### WHAT YOU HAVE TO DO:
Print the data exactly. Omit the pictures.

### RAW DATA:
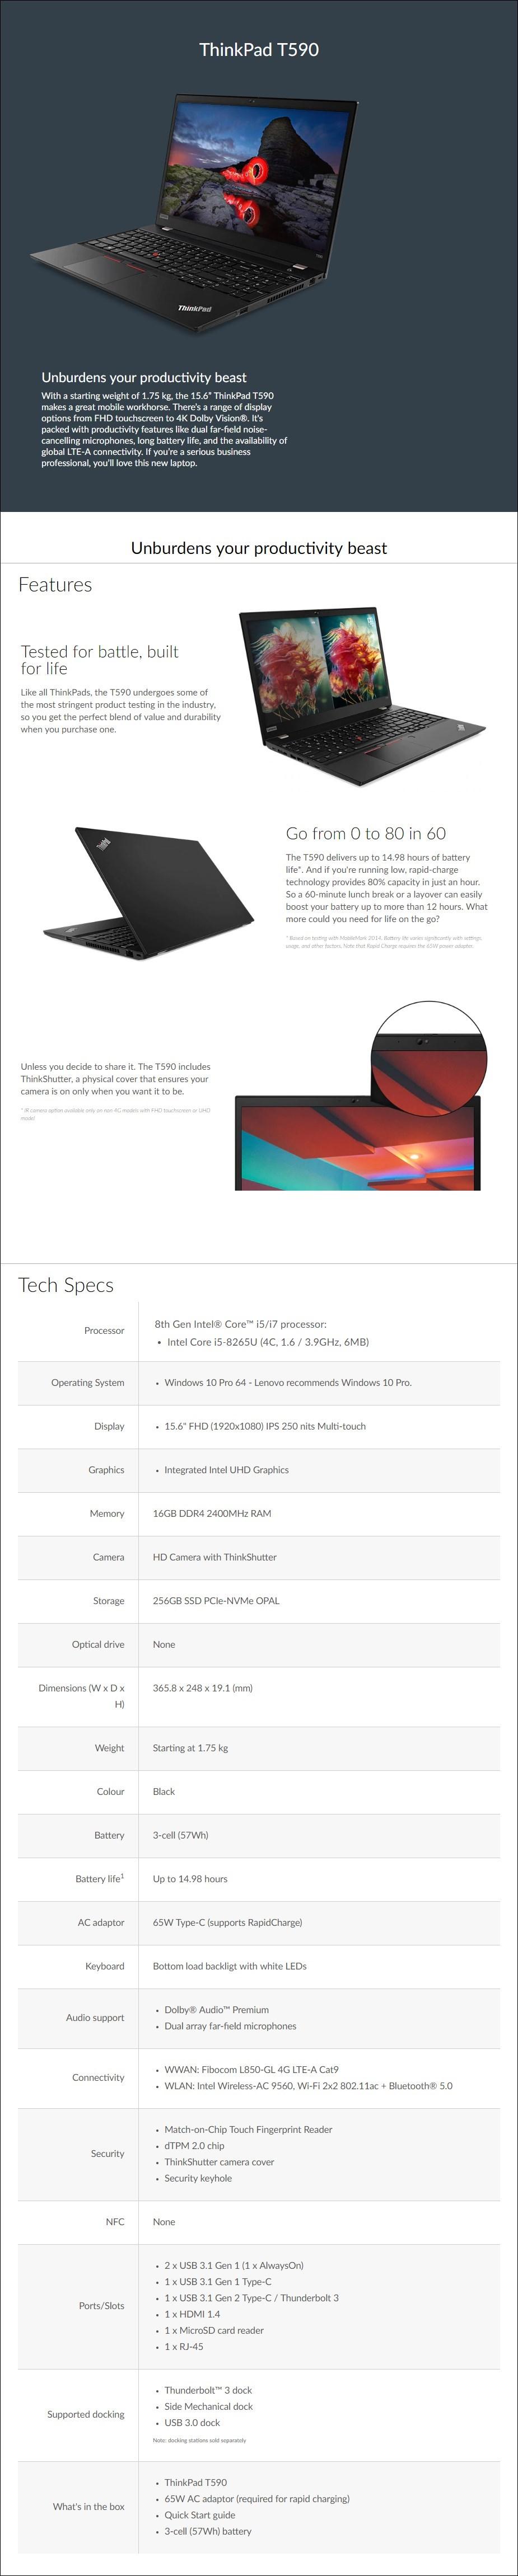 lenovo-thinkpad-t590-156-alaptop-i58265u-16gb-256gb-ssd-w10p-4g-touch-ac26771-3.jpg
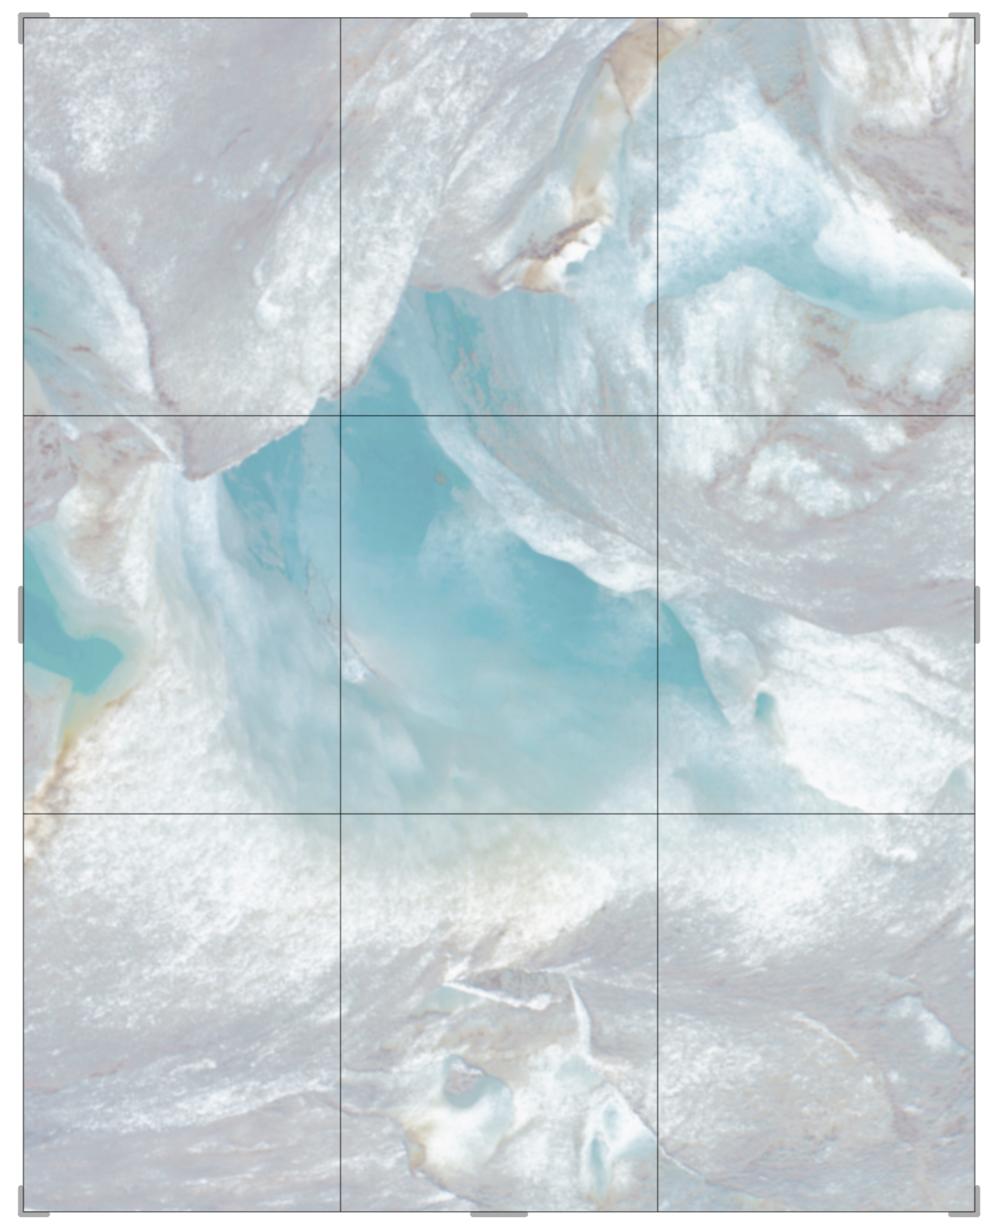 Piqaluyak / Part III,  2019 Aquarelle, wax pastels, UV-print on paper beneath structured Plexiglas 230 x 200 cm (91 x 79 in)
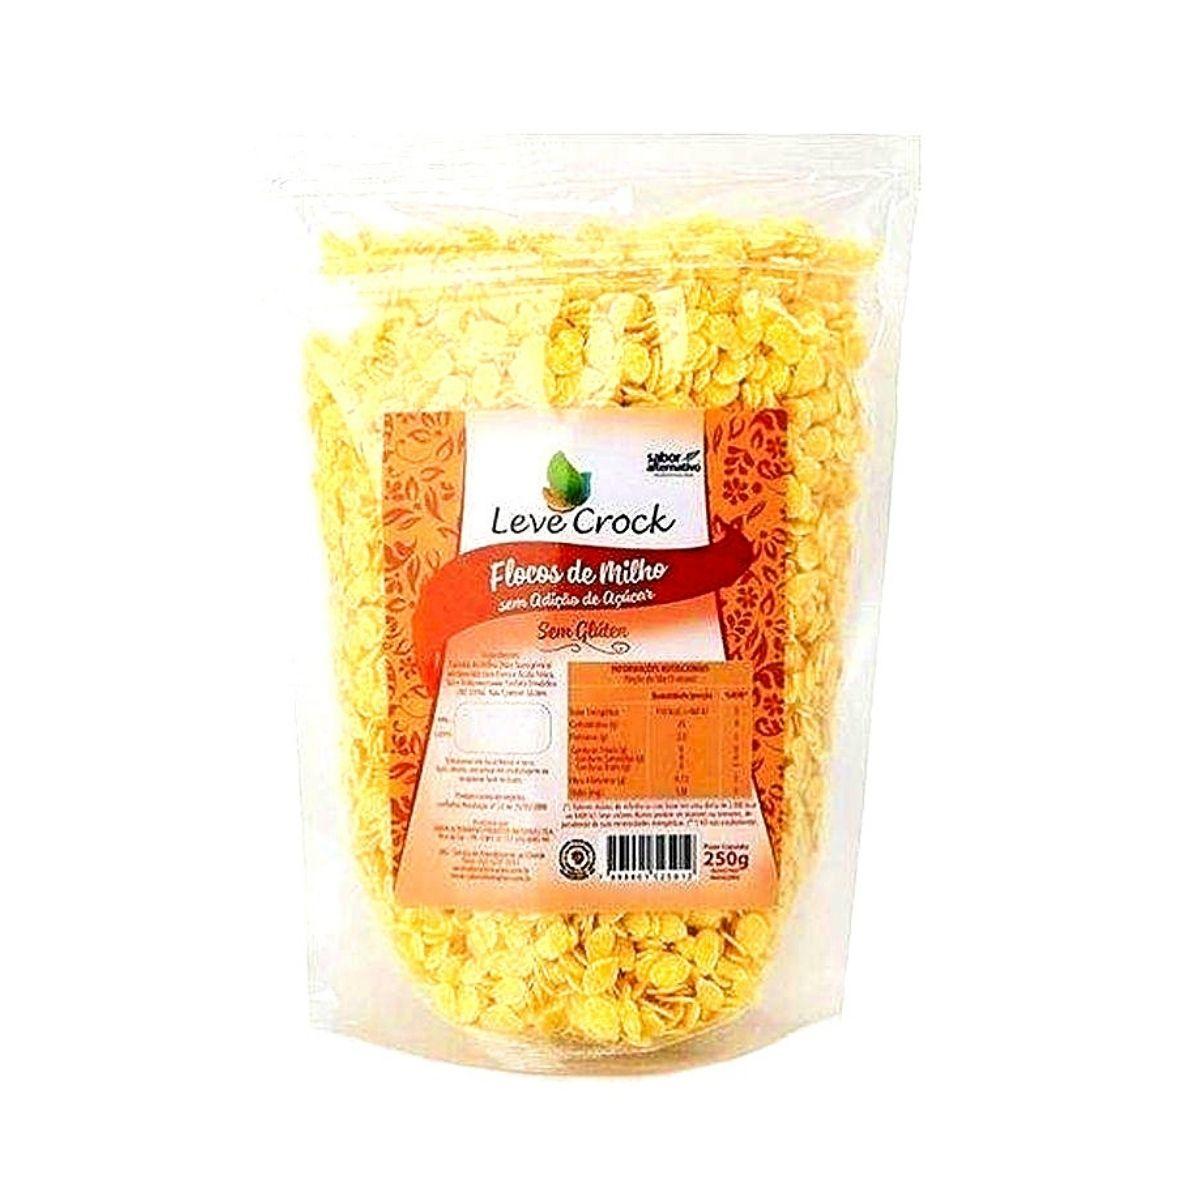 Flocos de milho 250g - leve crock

### SOLUTION TO THIS TASK:
 lenovo-thinkpad-t590-156-alaptop-i58265u-16gb-256gb-ssd-w10p-4g-touch-ac26771-3.jpg
 Piqaluyak / Part III,  2019 Aquarelle, wax pastels, UV-print on paper beneath structured Plexiglas 230 x 200 cm (91 x 79 in)
 Flocos de milho 250g - leve crock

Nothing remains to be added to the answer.